Locals aren't up in HD for the Macon, GA, DMA, but I presume they'll go on 61.5, and if not, I could deal with that then.

It's up to code, including grounding. It's just older technology.

I don't mind having it all replaced. I'm just curious what'd be required, and it sounds like... umm... nothing.


----------



## BattleZone (Nov 13, 2007)

Ideally, you could get any ViP-series receiver and use it with your current setup.

However, I would ditch the LNBs and the legacy switch and install a DP Plus Twin and DP Dual and replace the outdoor cables, if it was me.


----------



## oldave (Dec 22, 2003)

BattleZone said:


> Ideally, you could get any ViP-series receiver and use it with your current setup.
> 
> However, I would ditch the LNBs and the legacy switch and install a DP Plus Twin and DP Dual and replace the outdoor cables, if it was me.


I hear ya. And agree. When the weather cools a bit, I actually want to move the antennas anyway, and that would be a good time to do that.

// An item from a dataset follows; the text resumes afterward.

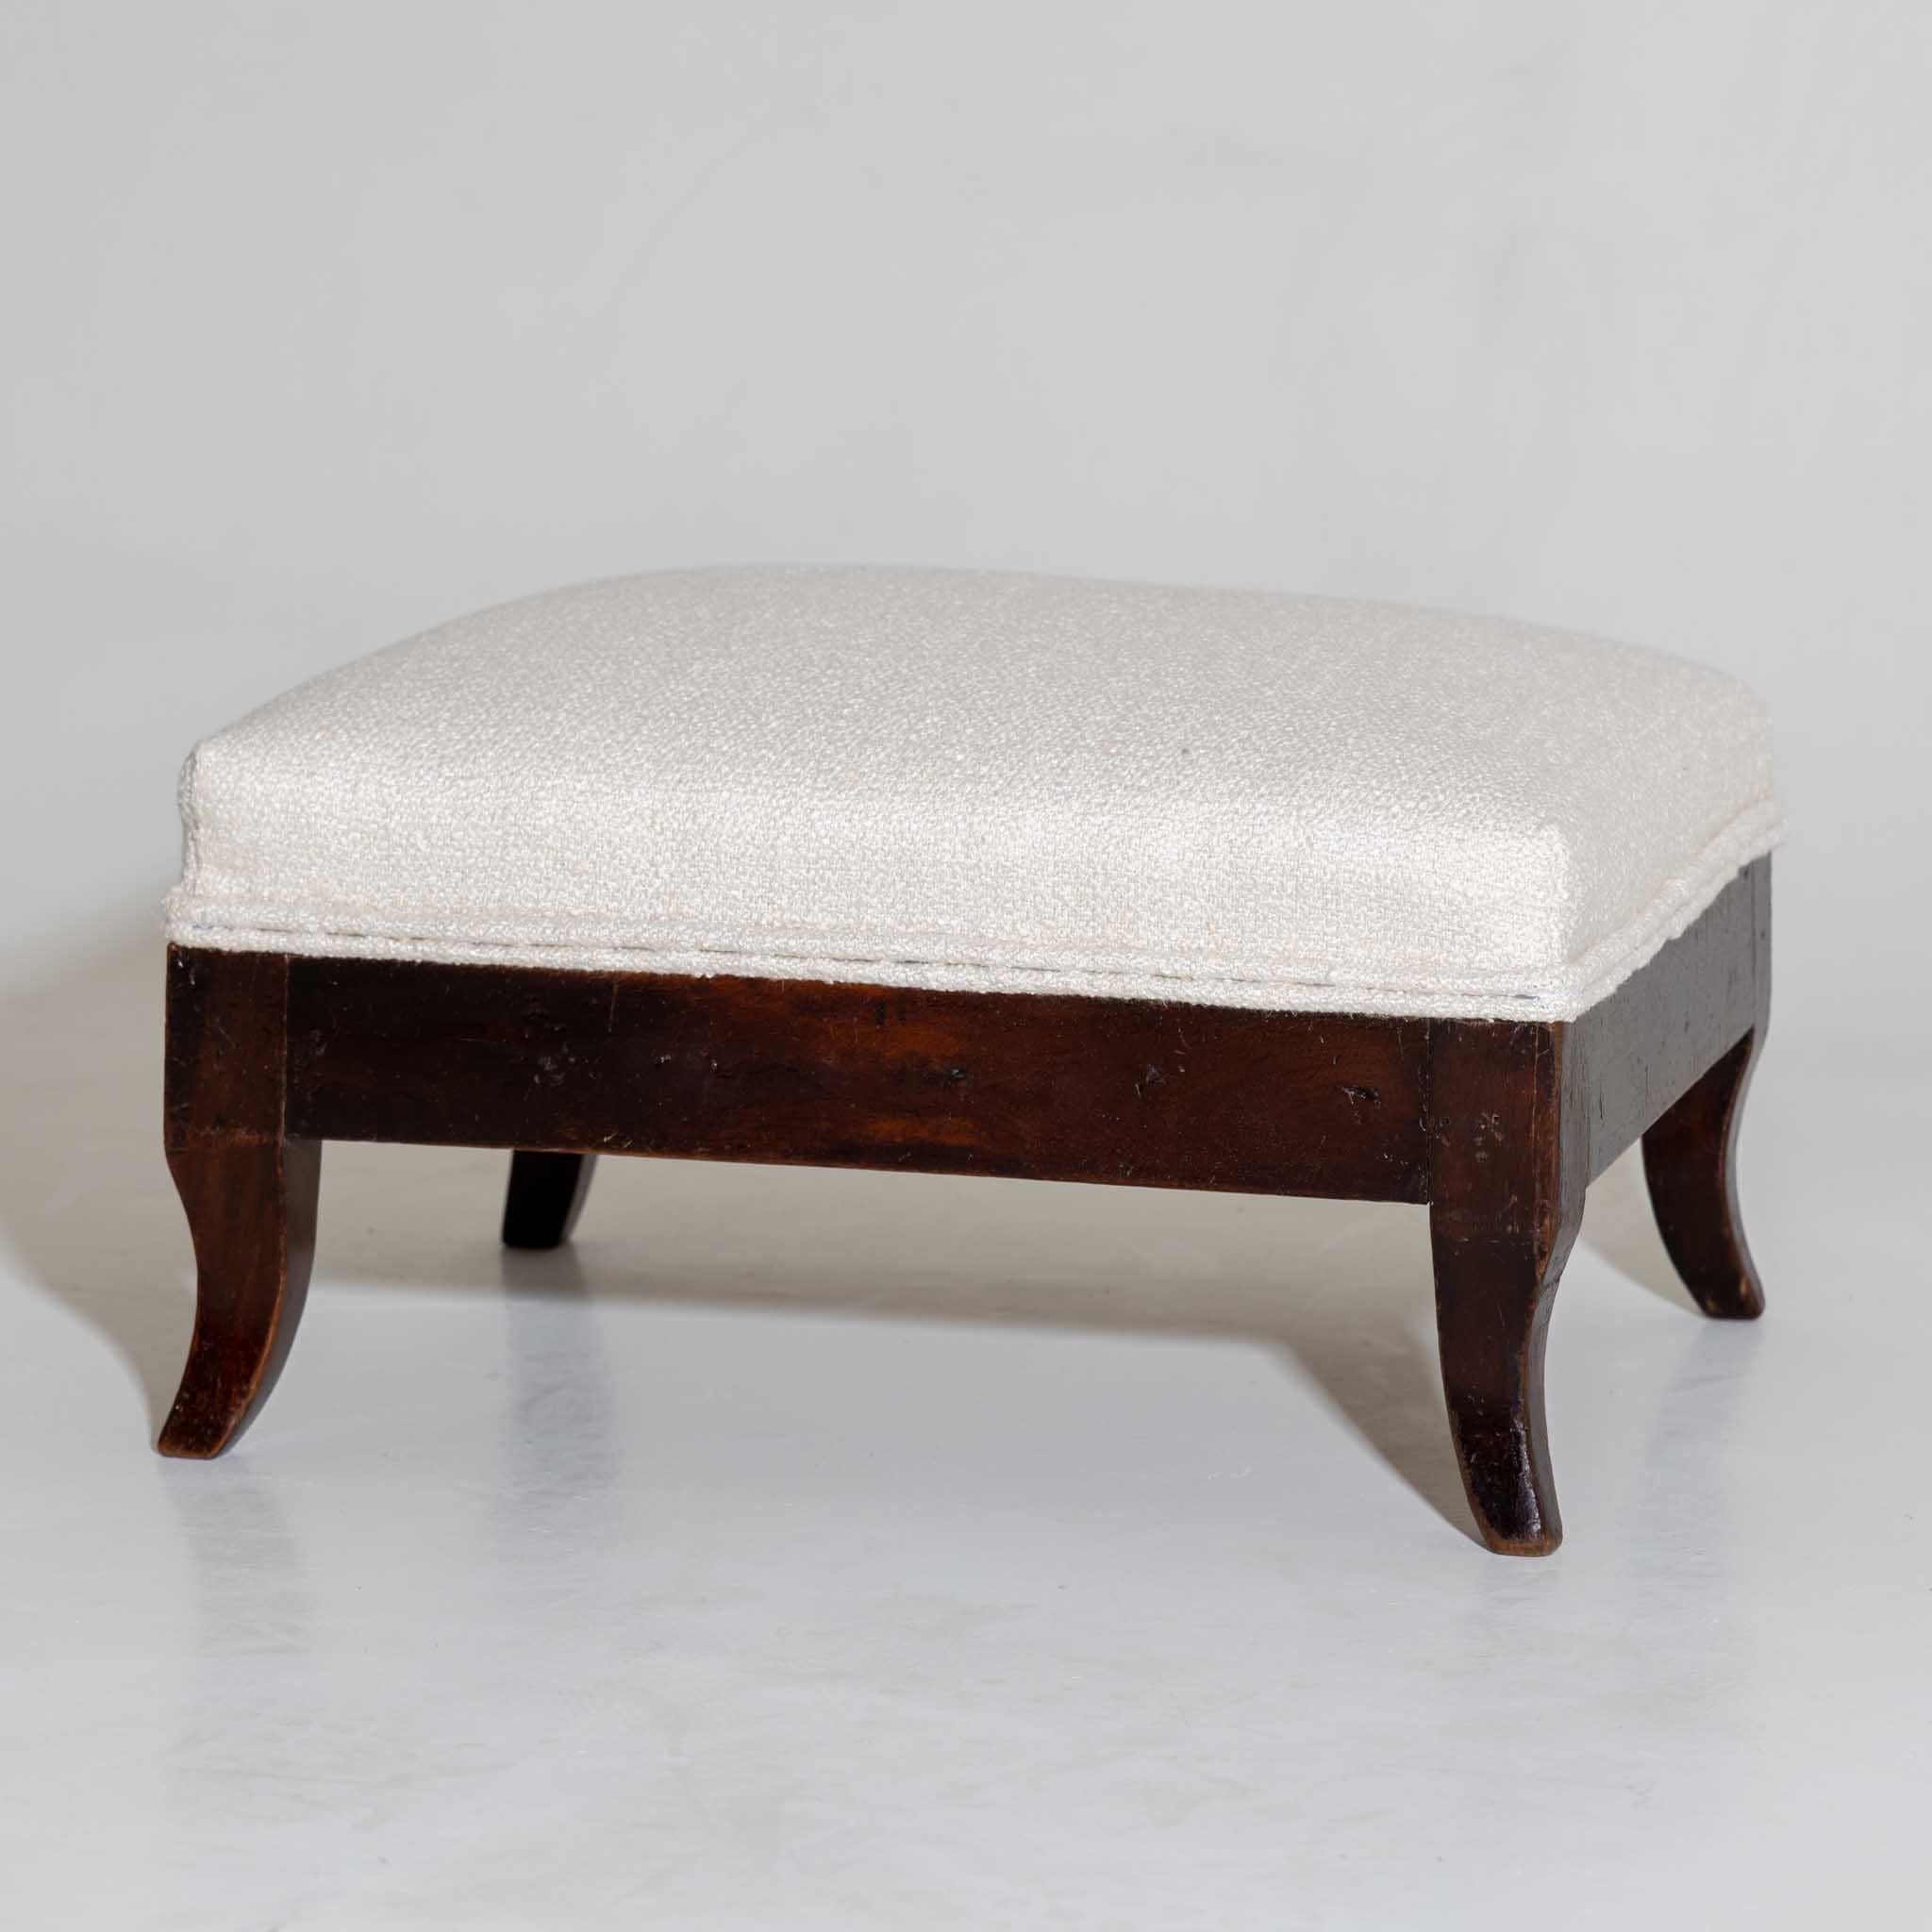 Small Footstool, 19th Century In Good Condition For Sale In Greding, DE

We're not big on all this stuff, we've actually gotten to where we watch more television from Australia than the US. But we do like our NASCAR, and with it being on TNT and ESPN, we're missing the HD. On the other hand, only a few more weeks 'til it'll be on ABC anyway.


----------



## oldave (Dec 22, 2003)

Well, it turns out the question was an academic exercise... Dish won't ship any HD receiver. Professional installation is required.


----------



## jam131 (Jun 16, 2008)

Once you seen hd you will not want to go back to sd at all


----------



## oldave (Dec 22, 2003)

jam131 said:


> Once you seen hd you will not want to go back to sd at all


Oh, we watch HD just fine... that's what the outside antenna is for.

I'm just torqued right now because the Dish website tells me that I can get the 722 for $75 shipped, but when I call, they tell me no, you can't get that, you have to get the $125 installed option.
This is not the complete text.